Anti-Bot & CAPTCHA (Cloudflare Turnstile):
Cloudflare Turnstile is integrated server-side for both story submissions and contact forms. The client-side widget generates a response token, which the server immediately verifies by POST-requesting Cloudflare’s API with the secret key (loaded from encrypted DynamoDB storage), the response token, and the client’s IP address. The verification checks the response’s success flag, timestamp, and hostname. Missing or failed tokens result in rejection with a user-friendly error. API timeouts (10 seconds) are handled gracefully. If Cloudflare API is unavailable, submissions are blocked (fail-secure).

Audio Streaming Security:
Audio files are not directly accessible; serving them requires a short-lived token (5-minute TTL) tied to both the specific file and the user’s session. Tokens are generated as the first 16 characters of a SHA-256 hash of story name, filename, session ID, and Unix timestamp. Token validation runs eight sequential checks: token presence, lookup in session, expiry validation, story/file binding verification, referrer validation (must come from localhost or application’s own hostname), file type validation (only .mp3 allowed), story existence check in DynamoDB, and membership verification (file must be in the story’s known MP3 list). Any check failure returns 403 Forbidden. An authenticated /refresh_audio_token endpoint allows frontend requests for fresh tokens.

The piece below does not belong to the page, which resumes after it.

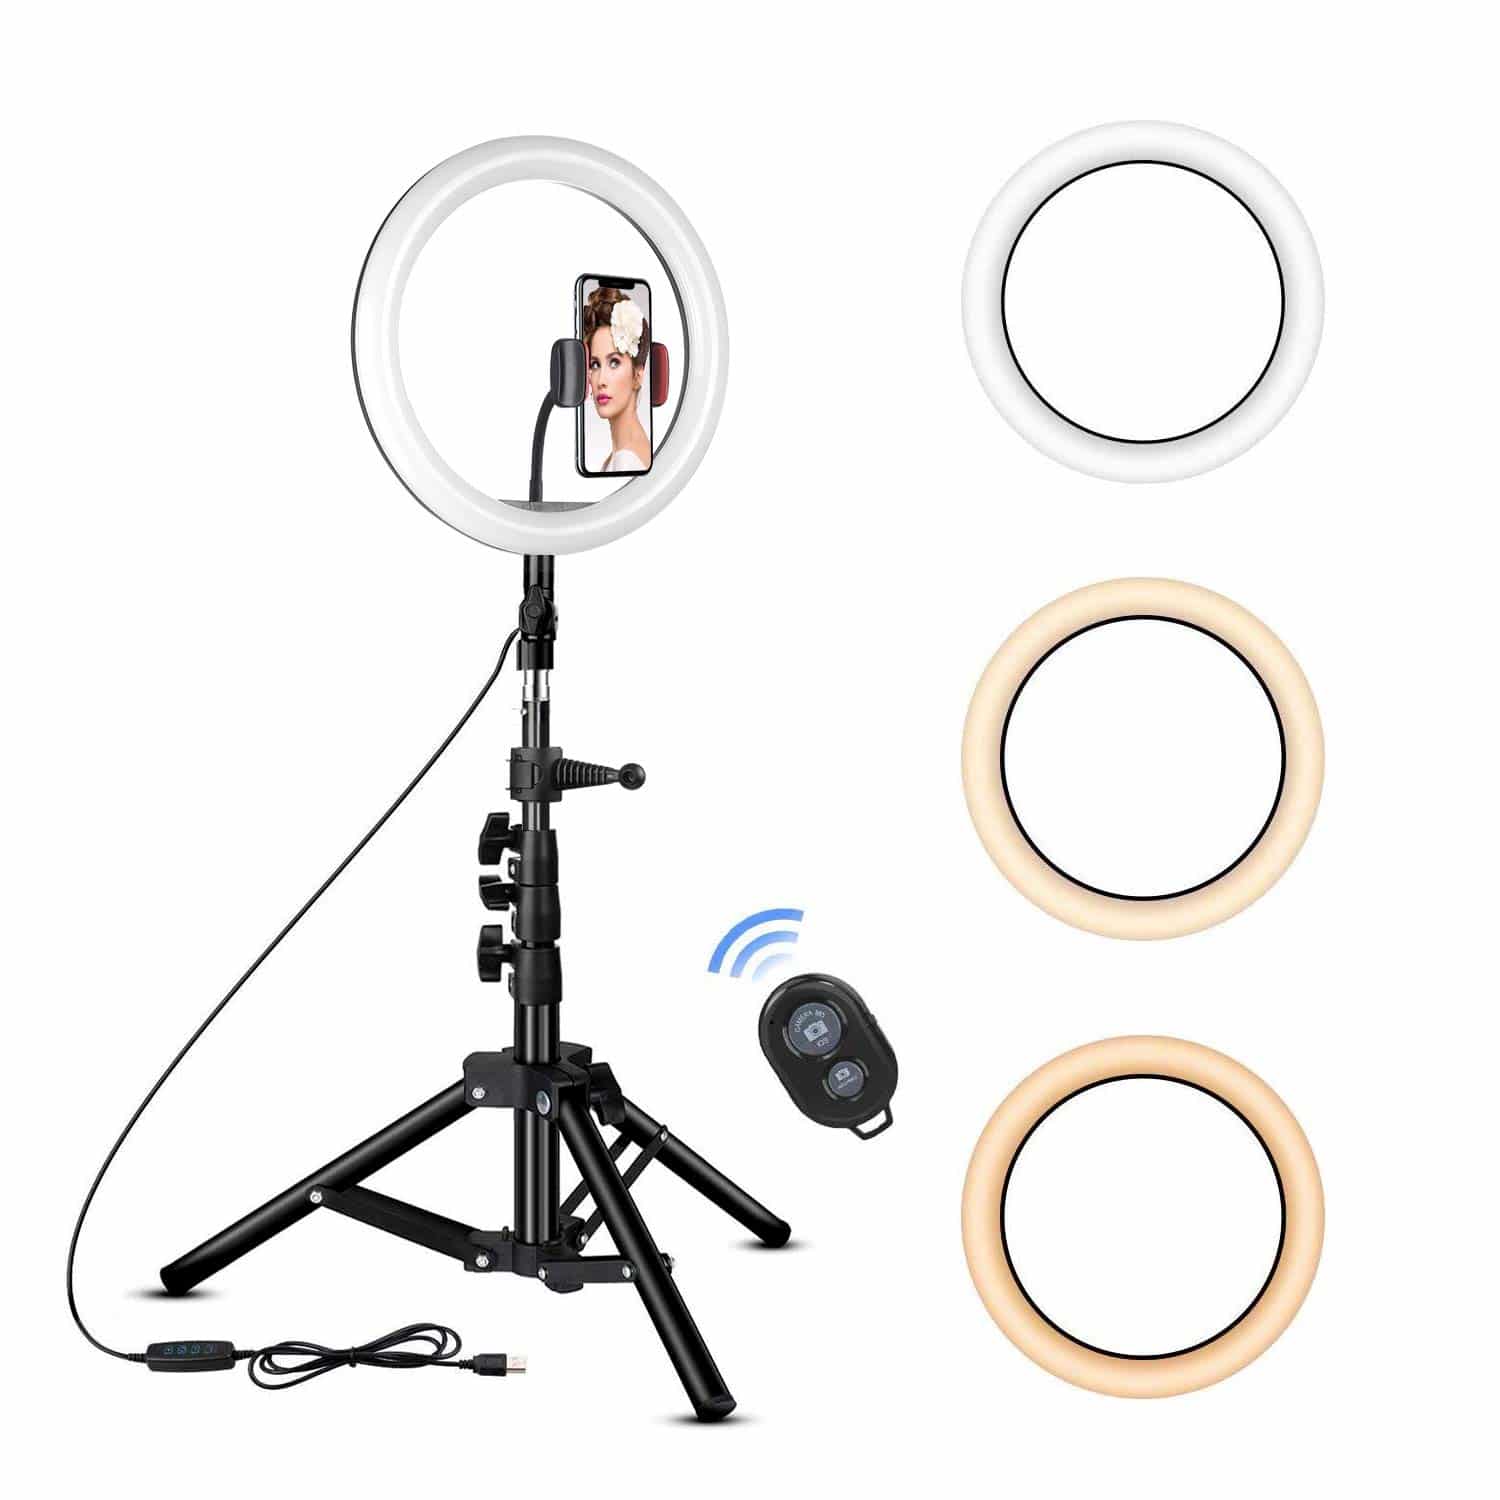 Rovtop 10 inch Ring Light with Stand Tripod

Encryption & API Key Management:
All API keys (OpenAI, Google OAuth, Cloudflare Turnstile secret, admin user ID) are encrypted with AES-256-GCM before storage in DynamoDB. This algorithm provides both confidentiality and authenticity (tamper detection) via a 16-byte authentication tag. Each encrypted value is stored with a randomly generated 12-byte IV per encryption, preventing IV reuse attacks. Critically, the AES-256 encryption key is stored in a local file frontend/.encryption.key not in DynamoDB or any remote location, meaning database compromise cannot decrypt the keys. The key file is validated at startup (must exist, be valid base64, and decode to exactly 32 bytes). A centralized KeyManager class handles retrieval: check cache, fetch encrypted value from DynamoDB, decrypt locally, cache in memory, return plaintext. A get_all_keys() method returns masked values (first 4 and last 4 characters with ... in between) for debugging without exposing full secrets.

File Upload Security:
The admin panel’s S3 upload endpoint applies path traversal prevention before any file operation: any path containing .. or starting with / is rejected outright and logged as a security violation. Uploaded filenames are sanitized with werkzeug’s secure_filename() to remove separators and dangerous characters. File size is logged to the audit trail before upload. Only authenticated admins can access this endpoint via the @admin_required decorator.

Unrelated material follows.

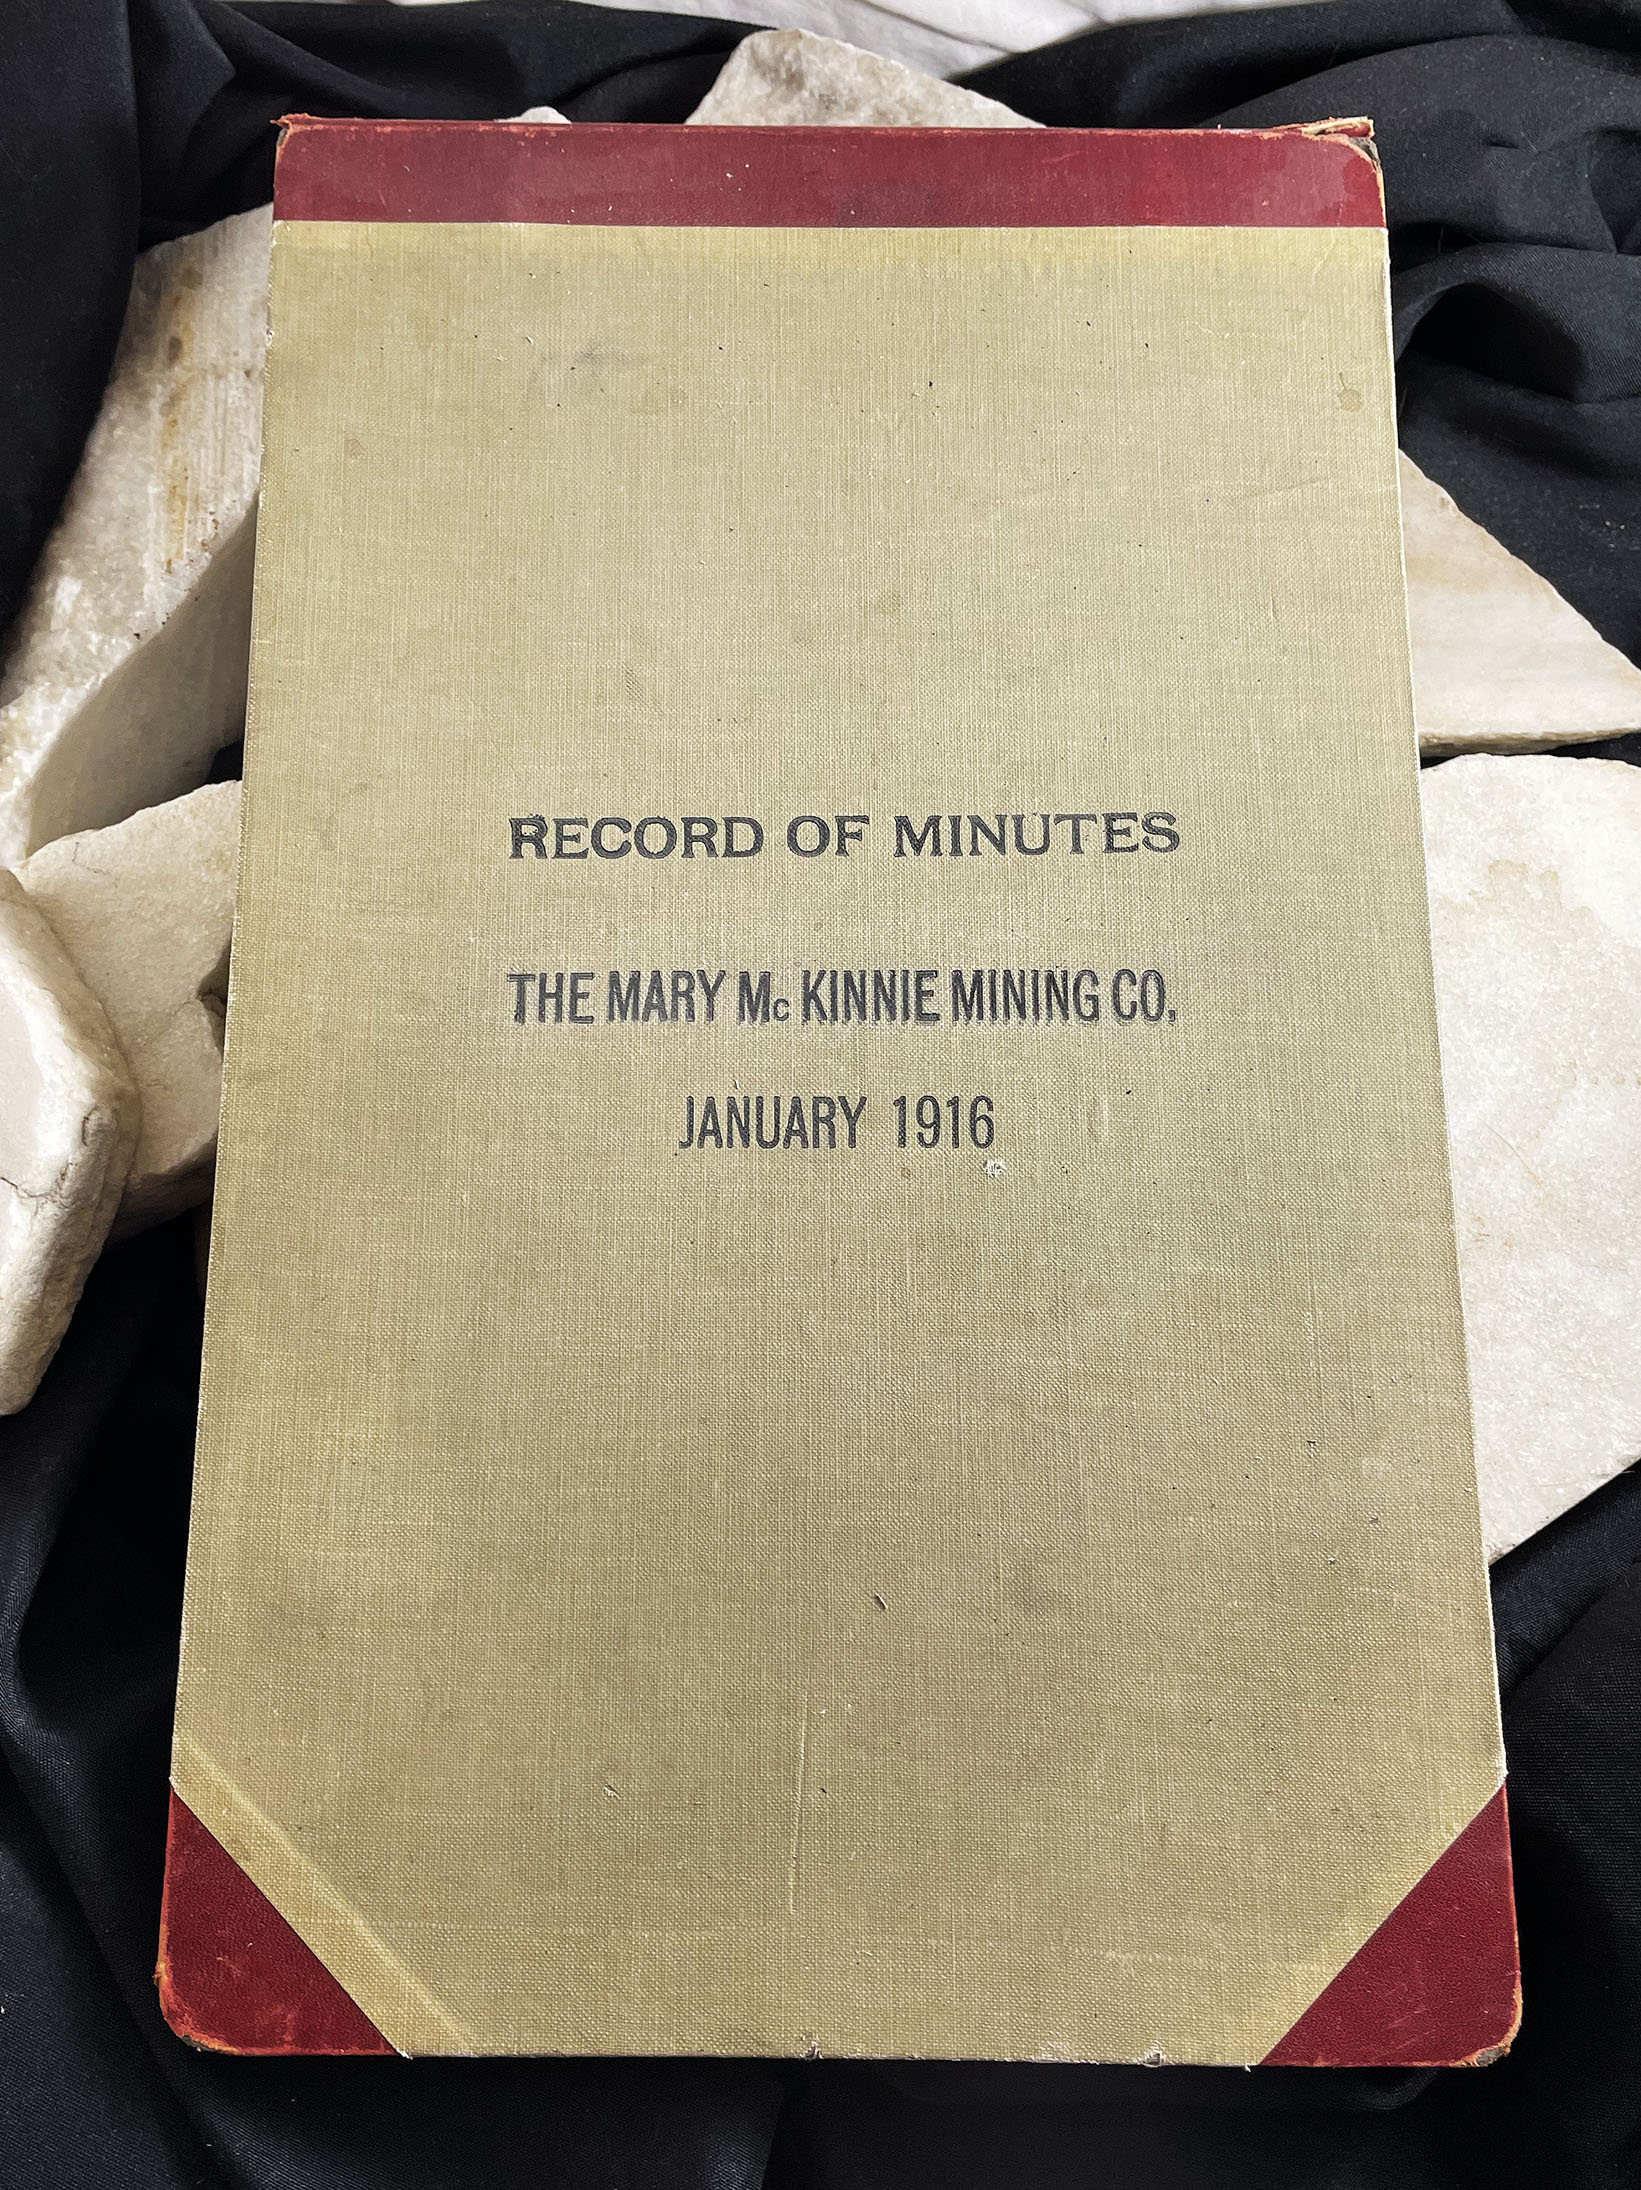 RECORD OF MINUTES OF THE MARY McKINNEY MINING COMPANY ledger Cripple Creek Gold District COLORADO 1916

AWS Infrastructure Security:
The application uses no AWS access keys. All AWS SDK calls (S3, DynamoDB, SES) authenticate using the EC2 instance’s IAM role credentials, which boto3 detects automatically. Keys are never stored in files or environment variables, automatically rotated by AWS, and controlled by fine-grained IAM policies. Audio files in S3 are not publicly accessible all access goes through the application’s token-gated streaming endpoint. S3 deletion operations are scoped to story-specific folder prefixes and batched in chunks of 1000 (the delete limit). All DynamoDB operations use parameterized expressions (ExpressionAttributeNames and ExpressionAttributeValues) to prevent query injection. AWS client initializations specify explicit connection timeouts (5s connect, 10s read, 2 max retries).

Production Server Hardening (Gunicorn):
Gunicorn binds exclusively to 127.0.0.1, never directly exposing the application to the internet; all external traffic flows through an nginx reverse proxy. HTTP request size is limited: URLs capped at 4094 bytes, header count at 100 fields, and individual headers at 8190 bytes each, protecting against request smuggling and header bomb attacks. Worker processes restart after 1000 requests (with 50-request random jitter to stagger restarts) to prevent memory leaks, and any request exceeding 120 seconds is killed to protect against long-running operations (critical when OpenAI API calls occur during story submission). Auto-reload is disabled by default and must be explicitly enabled via environment variable.

Defense-in-Depth Architecture:
The security model is organized as independent layers, each with multiple defenses. An attacker must defeat multiple layers simultaneously to cause harm:

Fail-Secure Philosophy:
The majority of security checks in this application default to denial rather than allowance when something unexpected occurs. Content moderation, story authenticity validation, and contact form spam detection all reject submissions if their respective OpenAI APIs fail or return errors. Missing admin user IDs in DynamoDB result in all admin access being denied. Missing encryption keys make the encrypted key system unavailable. Cloudflare Turnstile API failures block form submissions. This “fail-closed” approach ensures that temporary outages or degradation cannot be exploited to bypass security controls. The only intentional fail-open step is language validation, which is treated as advisory rather than a hard block.

No Hardcoded Secrets:
No API keys, passwords, OAuth credentials, or other secrets appear in the source code or configuration files committed to the repository. All secrets follow this pattern: (1) encrypted with AES-256-GCM, (2) stored in DynamoDB, (3) retrieved at runtime via the key manager, and (4) decrypted locally using an encryption key file that never leaves the server. This separation of encrypted data from the encryption key provides Defense in Depth even if DynamoDB were completely compromised and all encrypted values extracted, they could not be decrypted without physical access to the server’s encryption key file.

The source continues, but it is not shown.